Oluwusi's father was Ikumoyede Ajo, the latest Soun's great-great grandfather, who ruled Ogbomoso from 1770 to 1790. Ikumoyede's father, Oba Ajagungbade III's great-great-great grandfather, was Erinsbaba Alamu Jogioro, who was the second Soun of Ogbomoso, and regarded as a strong and brave warrior. He ruled from 1741 to 1770. Jogioro's father was the first Soun of Ogbomoso, Olabanjo Ogunlola Ogundiran, who founded the town of Ogbomoso in the mid 17th century. Thus, Oba Ajagungbade III, in a direct male descent is the great-great-great-great grandson of Soun Ogunlola.

The Royal House of Oluwusi is one of the 5 royal houses of Ogbomosho, each of them descended from the five sons of Ikumoyede (Toyeje, Oluwusi, Jaiyeola Baiyewuwon Kelebe, Bolanta Adigun, and Ogunlabi Odunaro).

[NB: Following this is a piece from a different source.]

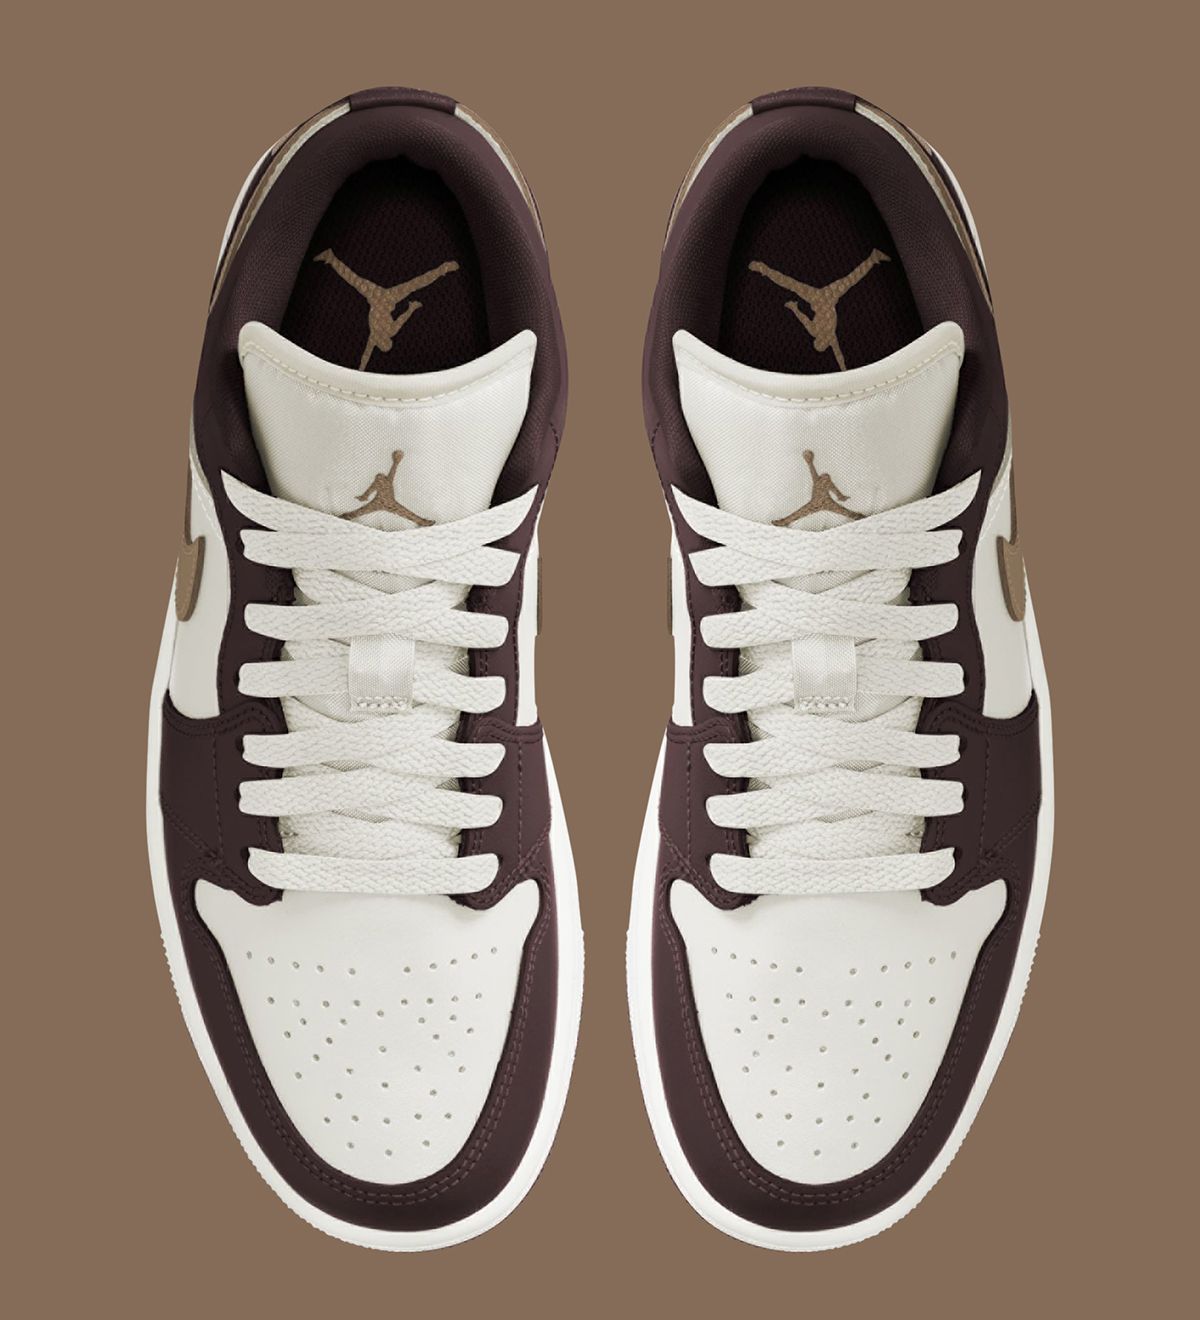 First Looks // Air Jordan 1 Low 
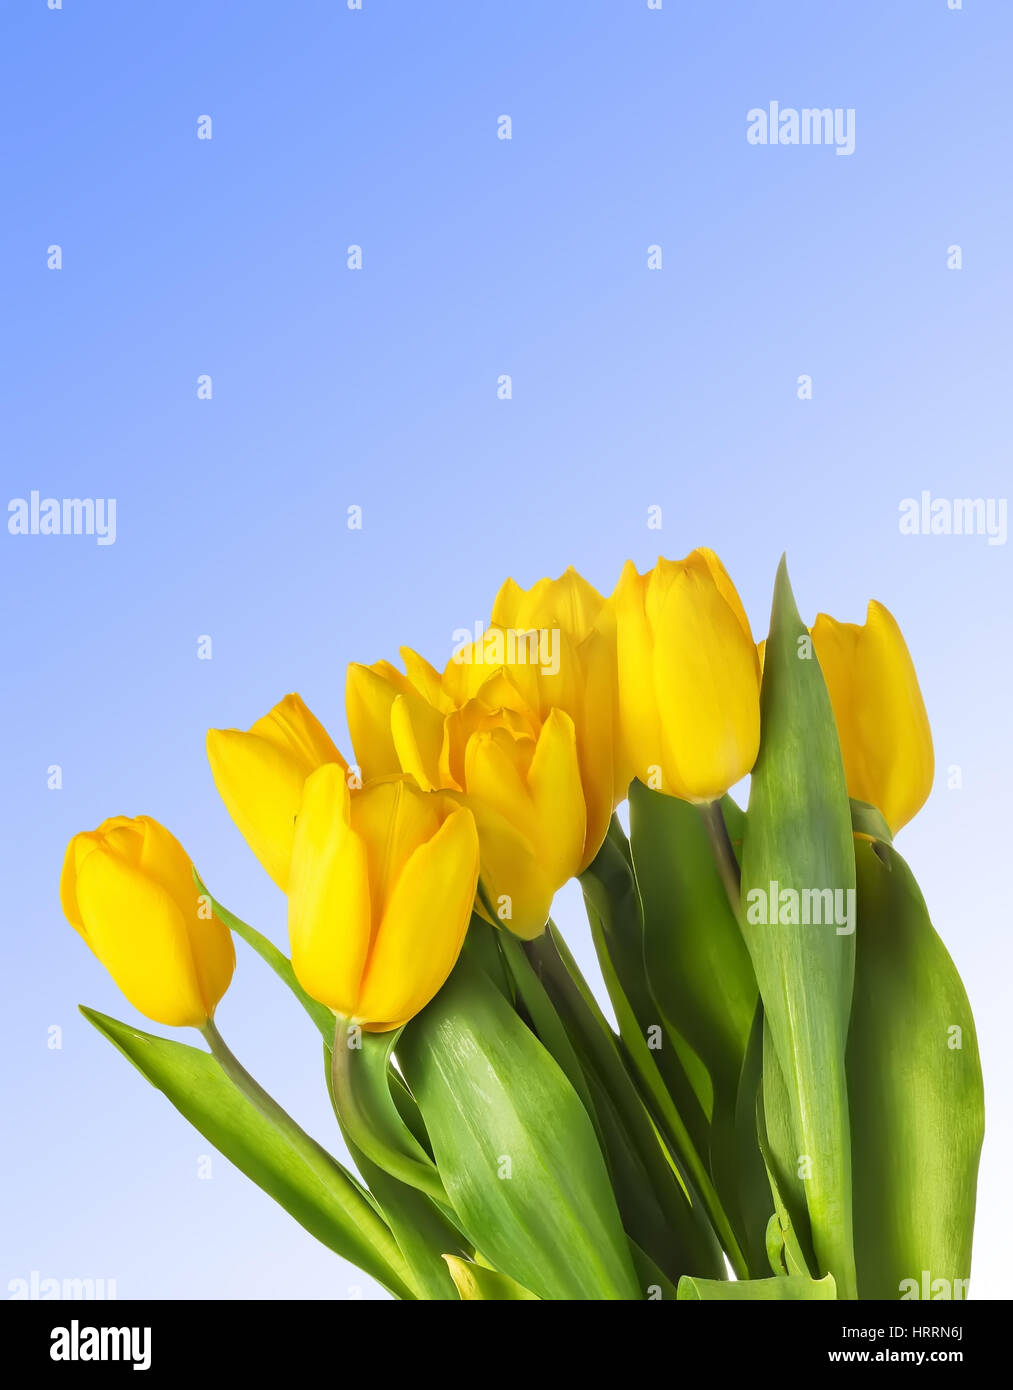 Nahaufnahme von gelben Tulpen auf blauem Hintergrund. Frühling Hintergrund mit gelben Blüten. Freiraum für Text auf blauem Himmelshintergrund. Gruppe von Tulpen mit Stockfoto

==Education and life before reign==

Oyewumi's father died on 18 February 1940, when he was 13 years old. After the death of his father, he was forced to stop his schooling at St. Patrick Catholic School, Oke-Padre in Ibadan, and return to Ogbomoso, where he stayed with his mother during the royal funeral. He then attended the Ogbomoso People's Institute, in Paku, Ogbomoso to continue his elementary education, though he was soon forced to withdraw, and where he learned cloth waving from one of his brothers in the city of Ilesa, where he weaved and sold aso ofi. He then travelled to the northern city of Jos, Nigeria, on 17 May 1944, where he started a business selling imported goods and beer from the United Kingdom. His ability to speak English earned him many business opportunities and open doors to his business with Europeans. He then founded J.O.Oyewumi and Company (Nigeria) Limited, a hotel business chain. He returned from Jos to Ogbomosho in 1973 to put his name forward as a contestant to the throne of the Soun after the death of Oba Olajide Olayode II.

==Reign==

As in many Yoruba towns, the monarch is elected by a group of chiefs known as the Afọbajẹ (kingmakers, literally meaning "One who enthrones a monarch). Many Ogbomosho princes put their names into consideration, and through several rituals including via invoking Ifá, and an official vote, (in which he got 92 votes out of 94), Ọba Oyewumi was selected as the 20th Ṣọún of Ògbómọ̀ṣọ́. Oyewumi succeeded his third cousin, Oba Salami Ajiboye Itabiyi on October 24, 1973, and took the royal name Ajagungbade (Ajágungbádé) III, used by both his father and grandfather, meaning "One who fights a war to receive the crown." He was the first Soun of Ogbomoso to wear a beaded crown, which sparked controversy, as the beaded crowns are often only worn by high ranking kings, and as Ogbomoso was often a town within the vicinity and control of the Oyo Empire, the Soun was not a major monarch. During his reign, he built a modern palace and facilitated the development of Ogbomoso into a more industrious town. He was the longest serving Soun in history.

==Personal life==

Oyewumi was a polygamist and married several wives. He married his first wife Ayaba Igbayilola Oyewumi (now deceased), in 1950. Among his other wives include Ayaba Olaronke Oyewumi (b. 1949). He had 24 children and many grandchildren and great-grandchildren. Kunle Oyewumi is his 21st son. One of his daughters is the notable Nigerian gender scholar Oyeronke Oyewumi. He was a Muslim, though several of his wives and children are Christians.

He gave up the ghost on 12 December 2021, at the age of 95.